For instance, Picciano points to curriculums in teacher education as a good example of where "there has been a great demand either on the part of accrediting agencies or state education departments to show that your program is, in fact, generating bona-fide high quality teachers." He also mentions that accreditation agencies are beginning to make stronger recommendations throughout higher education in regard to faculty taking a closer look at the nature of their assessment techniques and strategies. "They [accrediting agencies] are not putting the onus on the administration to do assessment. They are basically saying that the administration provide the tools and the overall direction to do assessment, but it is really up to the faculty to do authentic assessment and determine whether or not students are meeting the goals and objectives of their courses."

More Sharing of Resources

Otte also says that once faculty start doing work in blended courses they become more aware of colleagues in the same discipline who are also teaching online, resulting in the growth of "shared teaching resources. And it’s more than giving each other their favorite Web links. They start sharing assignments and develop an interest in creating a Web site for their discipline. Much more exciting things happen, and they happen more rapidly."

Acceptance by Administrations

Otte adds that campus administrators are also increasingly coming on board in strong support of the development of hybrid courses. "Part of it at the administration level is that they want to keep up with things, which I expected. However, I did not expect that the single greatest challenge for CUNY administrators is that we have seen a 7 percent enrollment growth with no accompanying growth in classroom space." The end result is that real estate is at a premium. Since many CUNY classes meet twice a week, the new blended models typically cut physical classroom time in half, saving on physical space, which, in New York City, is a critical issue.

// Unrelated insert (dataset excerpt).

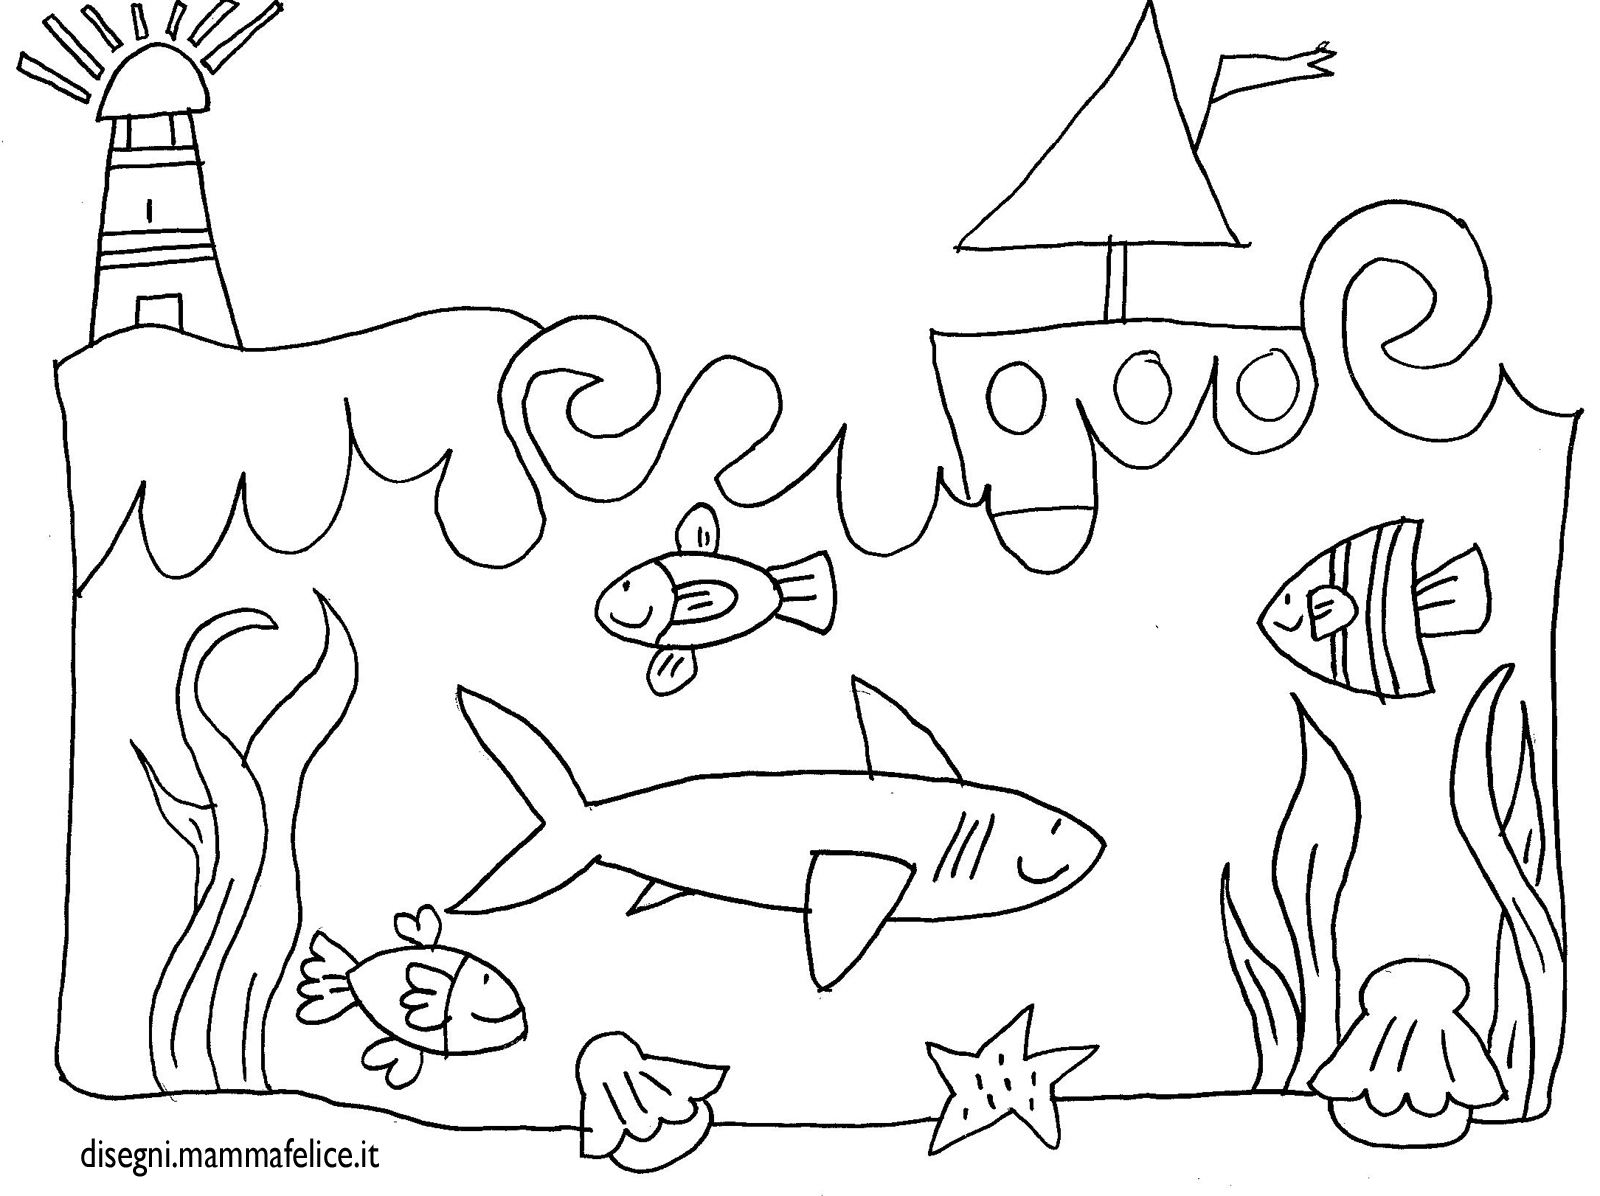 Disegno Per Bambini Da Colorare Gratis Mare Paesaggio Sottomarino Squalo Pesci Barca Disegni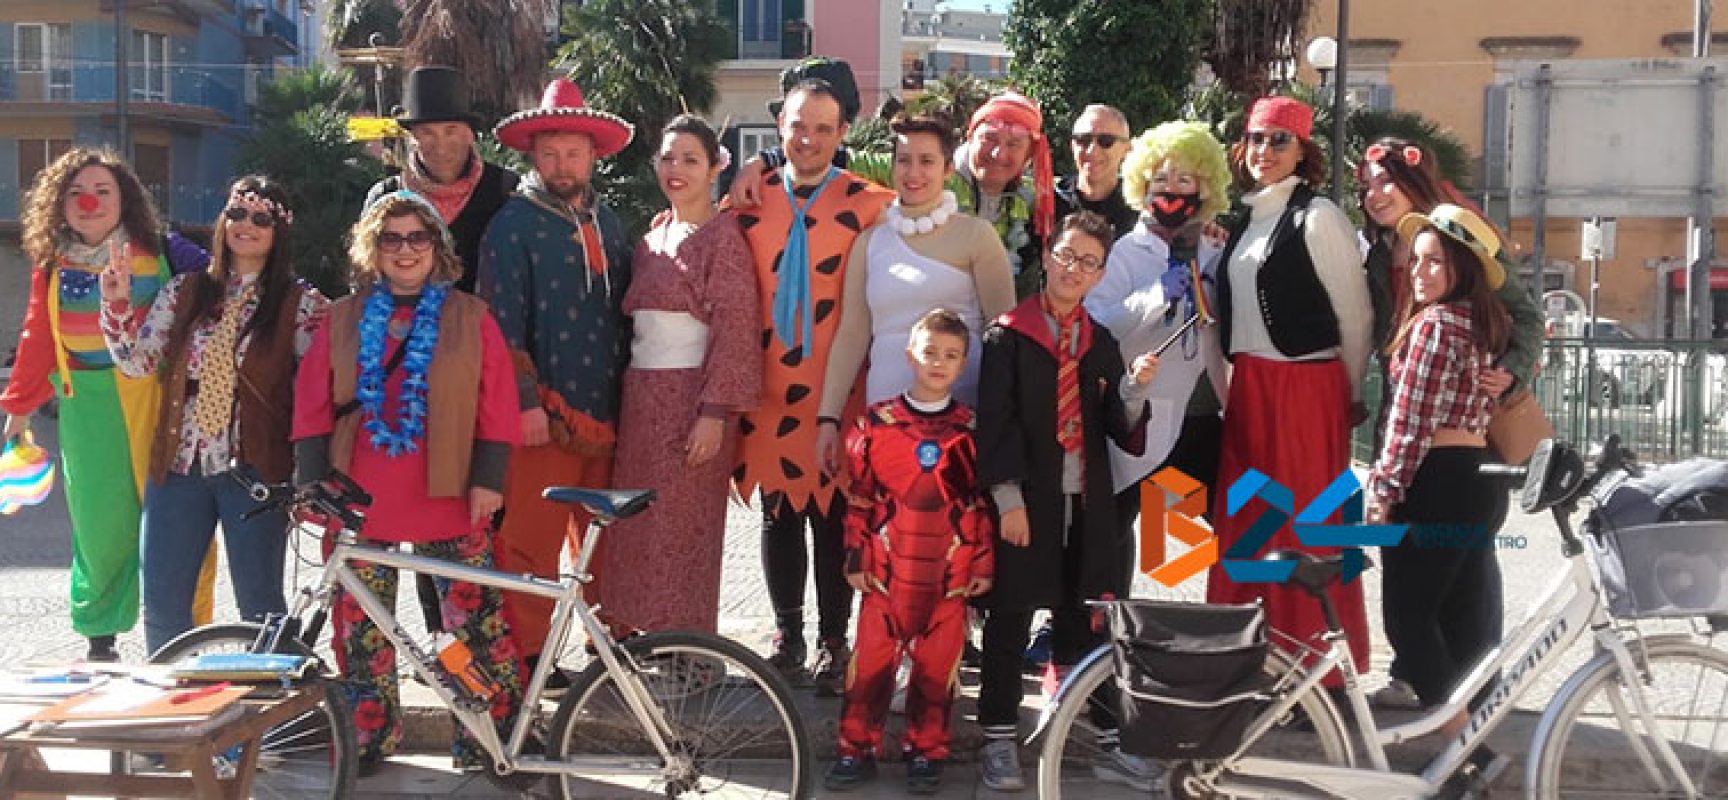 Colori e tradizioni in sella per la biciclettata in maschera a Bisceglie / FOTO

"The other thing is that administrators find something comforting about hybrids because they don’t feel as threatening (as fully online)," says Otte. "With hybrids, the administration feels more fully integrated with a comfortable, well-established status quo, and that is very important."

The Future of Blended Learning

Overall, Otte explains that evaluations completed on blended learning courses thus far show strong evidence that faculty and students also feel comfortable in this kind of learning environment and that "this is where the activity is spiking. The thing we really won’t have a choice about in the future is whether or not to use technology. It’s going to be a part of the way we teach and the way we learn . . .

"I think the hybrid itself is in its embryonic stages. A lot of this is about buildings and the convenience of an institution and its use of its physical plant. I would not be surprised - and I know there of variants of this that exist today - that the best way to do a hybrid would be to bring people together for a weekend of social bonding (face-to-face) and then turn them loose online for a five or six-week period."